While numerous factors — many of them outside the control of physicians — are at play in diagnostic errors, human cognition plays a major role. These problems have long been realized by the medical community — the Institute of Medicine released its landmark report “To Err is Human,” in 1999, with comprehensive recommendations to tackle diagnostic errors. But 25 years later, diagnostic errors remain stubbornly persistent.
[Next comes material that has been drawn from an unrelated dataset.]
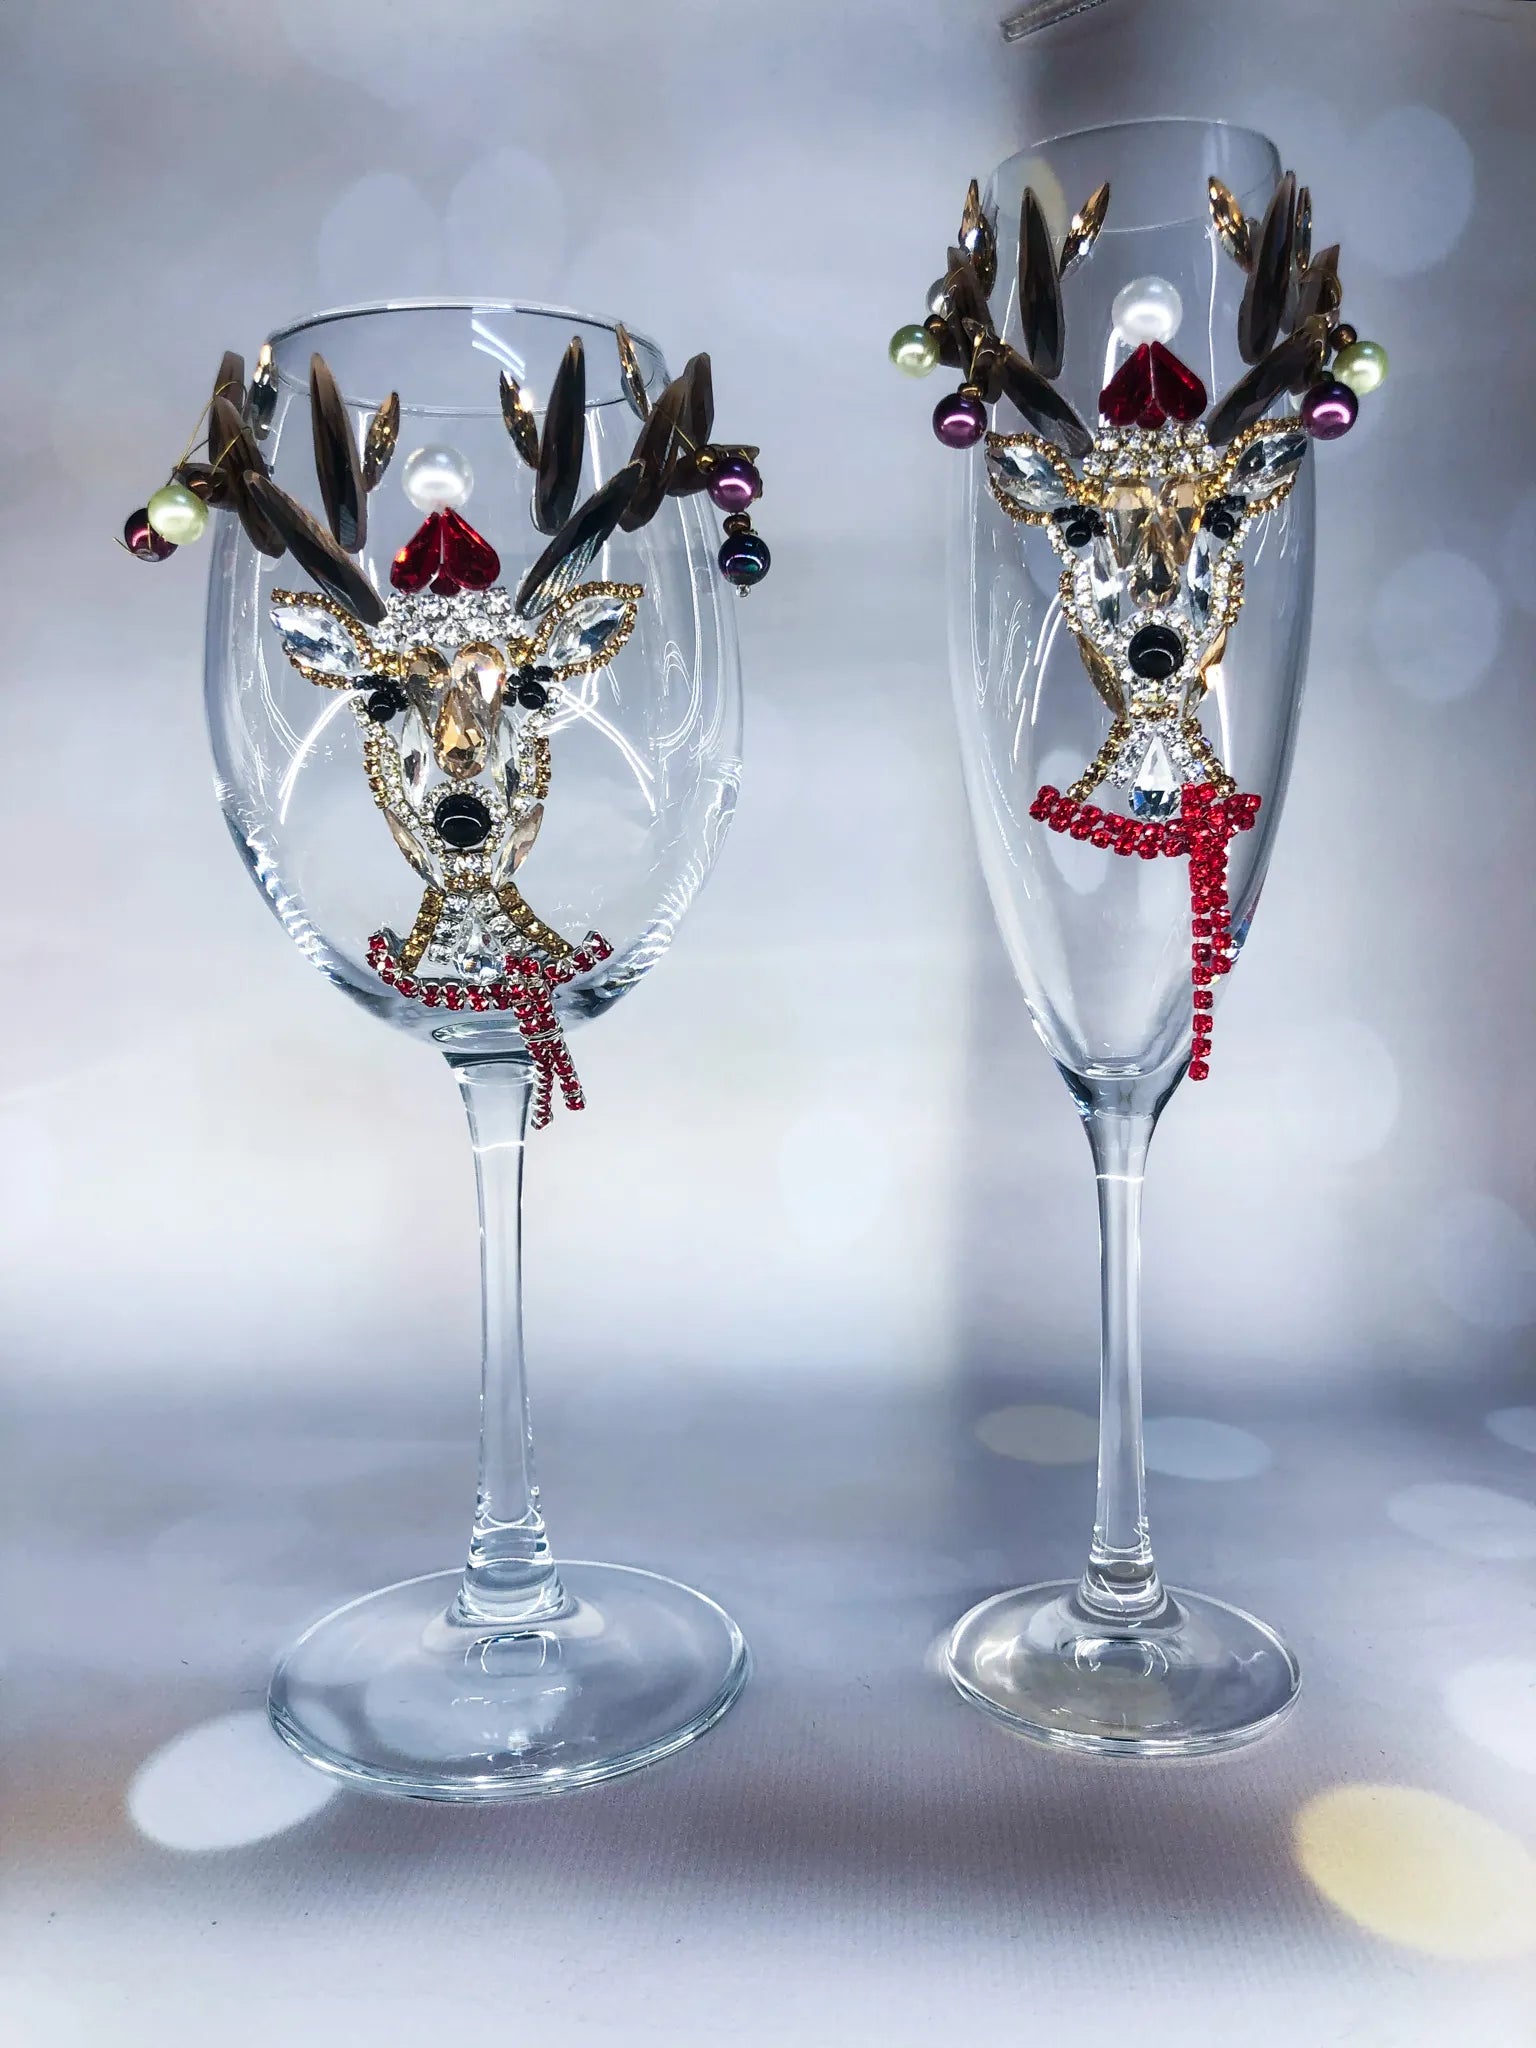 Festive holiday champagne flute

While many people might imagine that a physician approaches a diagnosis much like Sherlock Holmes — or Dr. House — diligently collecting facts to compare against her or his encyclopedic knowledge of the disease, the reality is far more prosaic. Decades of psychological study, influenced by the pioneering work of Danny Kahneman and Amos Tversky, have shown that diagnosis is subject to the same predictable biases and heuristics as other domains of knowledge. For example, emergency room doctors were less likely to test for a pulmonary embolism (a blood clot in the lungs) when the triage information mentioned heart failure, even when objective data and documented symptoms suggested a pulmonary embolism. This suggested that the physicians got stuck on the first information given to them, a problem called anchoring bias.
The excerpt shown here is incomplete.